Onde está a plataforma?

Patrícia Silva Alves

Aterrei em Macau sem ideias feitas. Troquei de emprego e atravessei o mundo porque sim. Pode dizer-se que vim com as certezas de quem não sabe onde se vai meter. Sabia que se comunicava por gestos nos supermercados e que era preciso memorizar as formas dos enlatados quando se queria repetir uma boa compra, mas no geral sabia que era possível sobreviver – não falar a língua aqui não era o fim do mundo.

Mas ao chegar percebi que era o fim do mundo tal como eu o conhecia. Em nenhum local como em Macau senti que a percepção do espaço fosse tão refém da língua.

“Não falo chinês e por isso a cidade é mais pequena para mim”. Esta frase, dita por uma pessoa conhecida, martelou-me a cabeça durante alguns dias até que eu percebesse o seu sentido inteiro. A realidade aqui não tem tanta profundidade aos meus olhos. As vozes que se ouvem na rua são ruído e os estímulos visuais (escritos) são praticamente vazios.

Por essa razão, Macau obrigou-me a treinar o olhar. Sem palavras que me descodificassem a realidade, agarrei-me às expressões das pessoas, aos seus comportamentos e à beleza da cidade.

Mas tudo isto é como estar dentro de uma fotografia – a imagem não fala, não me explica o que estou a ver.

Em Macau vivo numa bolha de Portugal. Vou à Rua do Campo e posso ir despachar assuntos aos Correios de Macau. A minha amiga chinesa vive noutro mundo. Ela vai à 水坑尾街 e despacha assuntos nos 澳門郵件. Cada uma está na sua bolha – eu em Portugal e ela em Macau. Tanto que, e tenho quase vergonha de o admitir, quando cheguei cá tinha a clara percepção de que ela vivia num local muito longe (o que era mentira). A lógica involuntária da minha mente era: como podíamos viver perto se estávamos cada uma no seu mundo? E isto não tem a ver com o facto de nessa altura não conhecer a geografia de Macau. Era mesmo a minha percepção subjectiva do espaço.

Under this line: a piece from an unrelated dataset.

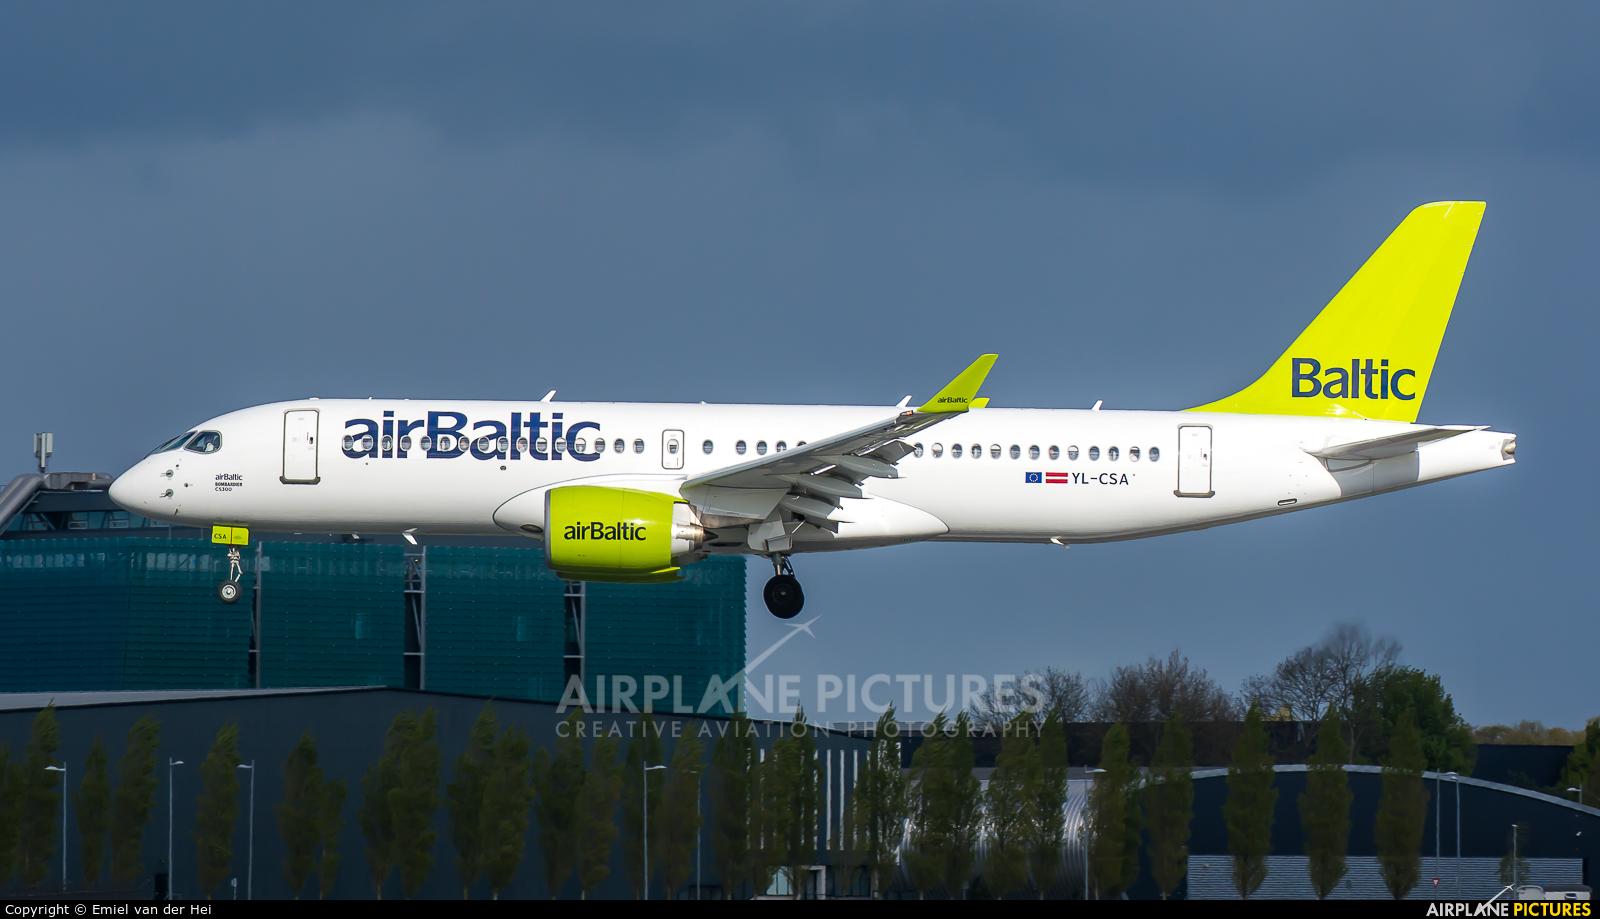 Air Baltic YL-CSA aircraft at Amsterdam - Schiphol

Macau é conhecida por ser uma plataforma – o encontro de culturas e ponte entre Oriente/Ocidente, etc. Todos os que vivem cá sabem que isso é mentira em 90 por cento dos casos. Macau não é a plataforma que se vende. Quase nunca passamos a fronteira para o lado de lá.

Eu vivo numa cidade ainda mais pequena do que a da minha amiga chinesa. Dei a volta ao mundo, mas a verdadeira fronteira está à minha frente – é a língua. E passa-la custa muito mais do que todas as horas de avião e euros que se gastam para vir cá parar. Só se vive Macau em pleno se se decifrar os sons e os caracteres chineses. Até lá vivemos numa ilha.

E eu tenho vergonha disso. Estou aqui há dez meses e não sei falar. Por minha culpa, Macau é uma fotografia superficial da realidade e muito mais pequena do que a sua geografia.

Há muitas desculpas para não aprender a língua – aquelas que todos conhecemos – mas a culpa de a plataforma ser um termo tão gasto como a palavra crise em Portugal é só uma: nossa.

E não me interpretem mal – não defendo o fim do português aqui. Sei que a língua portuguesa é parte essencial de uma certa identidade local e que devemos preservá-la. O que defendo aqui é apenas a honestidade quando se olha para a questão da língua: Macau nunca foi portuguesa. Ignorar isso e agir como se alguma vez tivesse sido é tão injusto como visitar a casa de um conhecido e obriga-lo a fazer-nos o jantar. A culpa de a plataforma não ser realidade é só uma: nossa. Minha.